The binary protocol creates schemas for anything that is serialized. These schemas are updated implicitly – the user doesn't have any control over them.
SQL engine has its own schema that is separate from the binary schema, although SQL runs on top of binary objects. SQL schema is created and updated explicitly by the user.
Caches themselves are basically schemaless – you're allowed to store multiple versions of multiple data types in a single cache.

This creates multiple usability issues:

SQL schema can be inconsistent or even incompatible with the binary schema. If either of them is updated, the second is not affected.
SQL can't be used by default. The user has to explicitly create the SQL schema, listing all fields and making sure the list is consistent with the content of binary objects.
Binary schemas are decoupled from caches. So, if a cache is destroyed, the binary schema is not removed.
Etc.

Description

The general idea is to have a one-to-one mapping between data schemas and caches/tables. There is a single unified schema for every cache, it is applied to both data storage itself and to the SQL.

When a cache is created, it is configured with a corresponding data schema. There must be an API and a tool to see the current version of the schema for any cache, as well as make updates to it. Schema updates are applied dynamically without downtime.

DDL should work on top of this API providing similar functionality. E.g. CREATE TABLE invocation translates to a cache creation with the schema described in the statement.

Anything stored in a cache/table must be compliant with the current schema. An attempt to store incompatible data should fail.

The binary protocol should be used only as the data storage format. All serialization that happens for communication only should be performed by a different protocol. The data storage format will be coupled with the schemas, while the communication is independent of them. As a bonus, this will likely allow for multiple optimizations on both sides, as serialization protocols will become more narrow purposed.

BinaryObject API should be reworked, as it will not represent actual serialized objects anymore.
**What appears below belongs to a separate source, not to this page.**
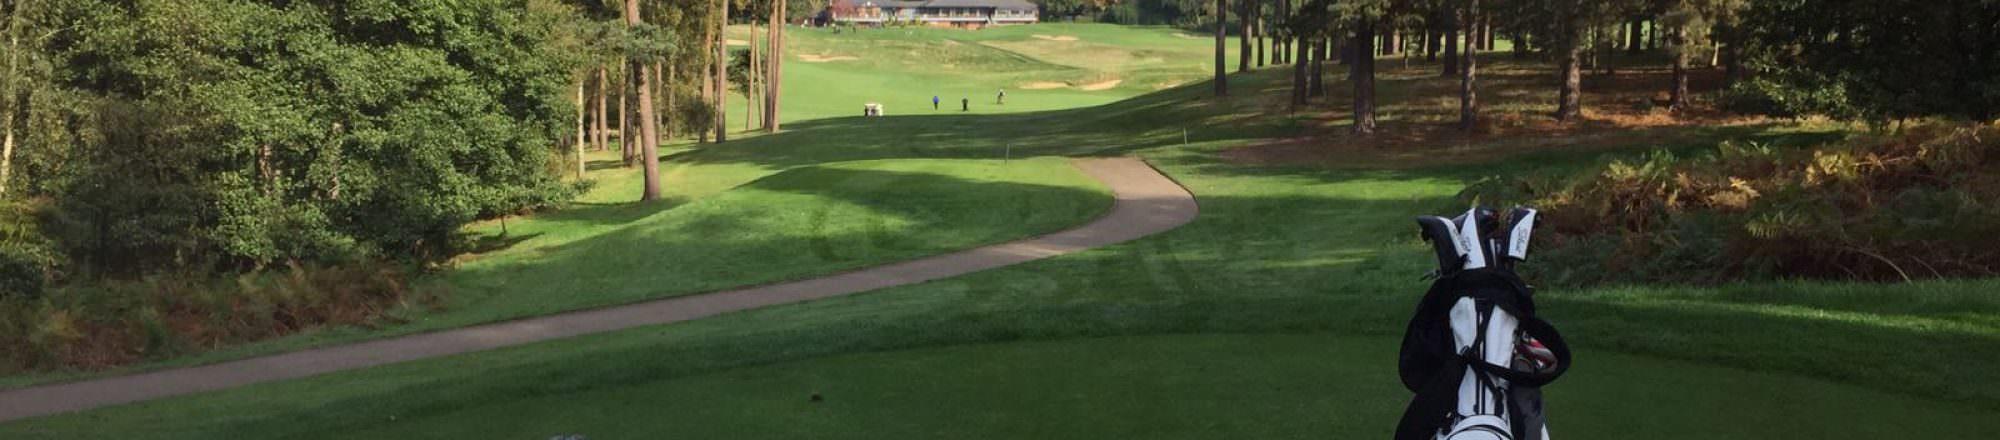 Played By NCG: Bearwood Lakes Golf Club

It should be replaced with something like BinaryRecord or DataRecord representing a record in a cache or table. Similarly to the current binary objects, records will provide access to individual fields. A record can also be deserialized into a class with any subset of fields represented in the record.

Schema Definition API

There are several ways a schema can be defined. The initial entry point to the schema definition is SchemaBuilder java API:

TBD

The schema builder calls are transparently mapped to DDL statements so that all operations possible via a builder are also possible via DDL and vice versa.

Additionally, we may introduce an API that will infer the schema from a key-value pair using class fields and annotations. The inference happens on the calling site of the node invoking the table modification operation.
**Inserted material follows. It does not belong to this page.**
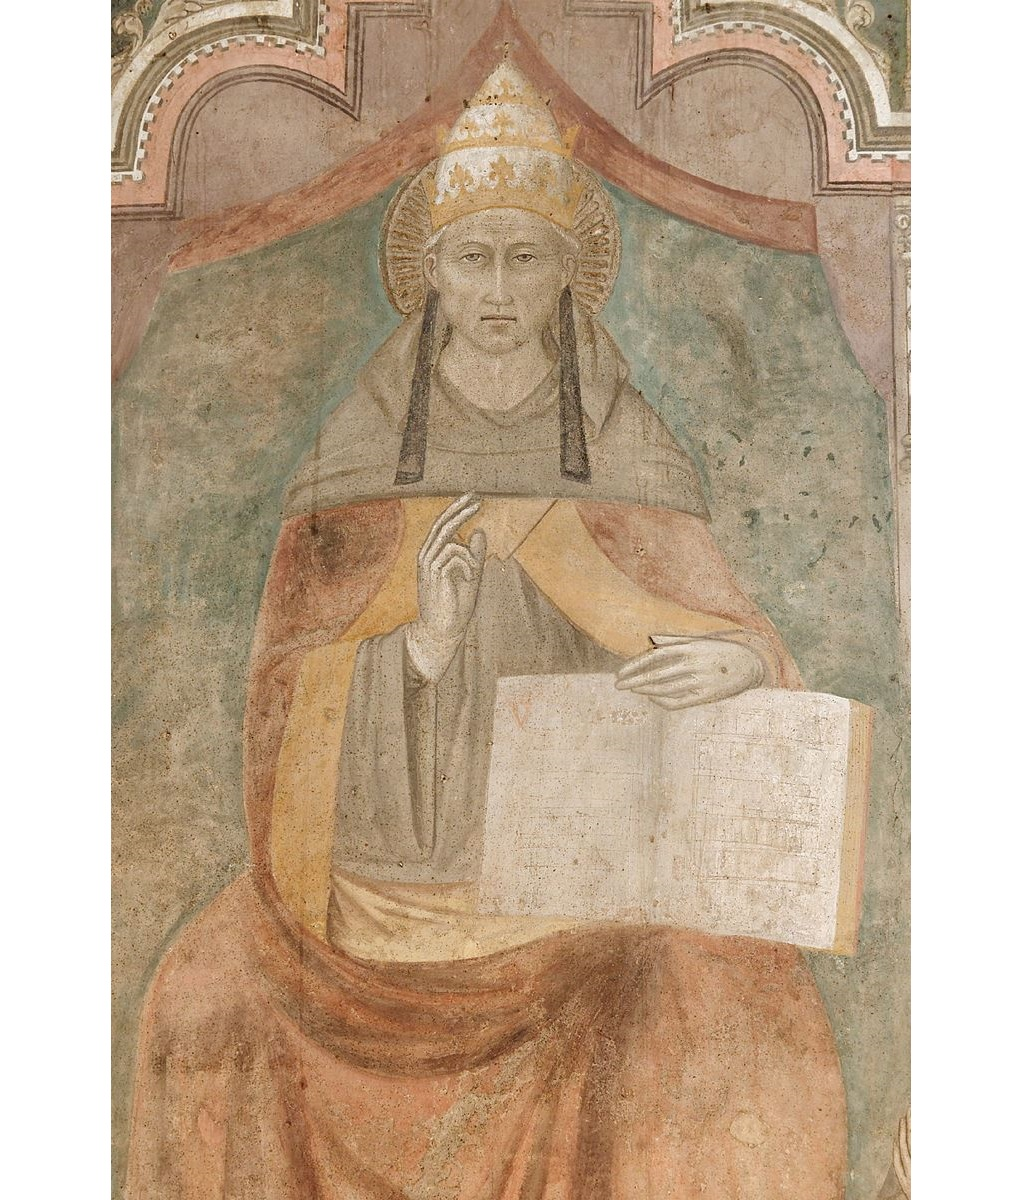 Oggi 19 maggio la Chiesa ricorda San Celestino V foto

Table schema should be automatically exposed to the tabel configuration subtree so that simple schema changes are available via ignite CLI and the schema can be defined during the table creation via ignite CLI.

Data restrictions

Schema-first approach imposes certain natural requirements which are more strict than binary object serialization format:

The column type must be of one of a predefined set of available 'primitives' (including Strings, UUIDs, date & time values)
Arbitrary nested objects and collections are not allowed as column values. Nested POJOs should either be inlined into a schema or stored as BLOBs
Date & time values should be compressed with preserving natural order and decompression should be a trivial operation (like applying bitmask).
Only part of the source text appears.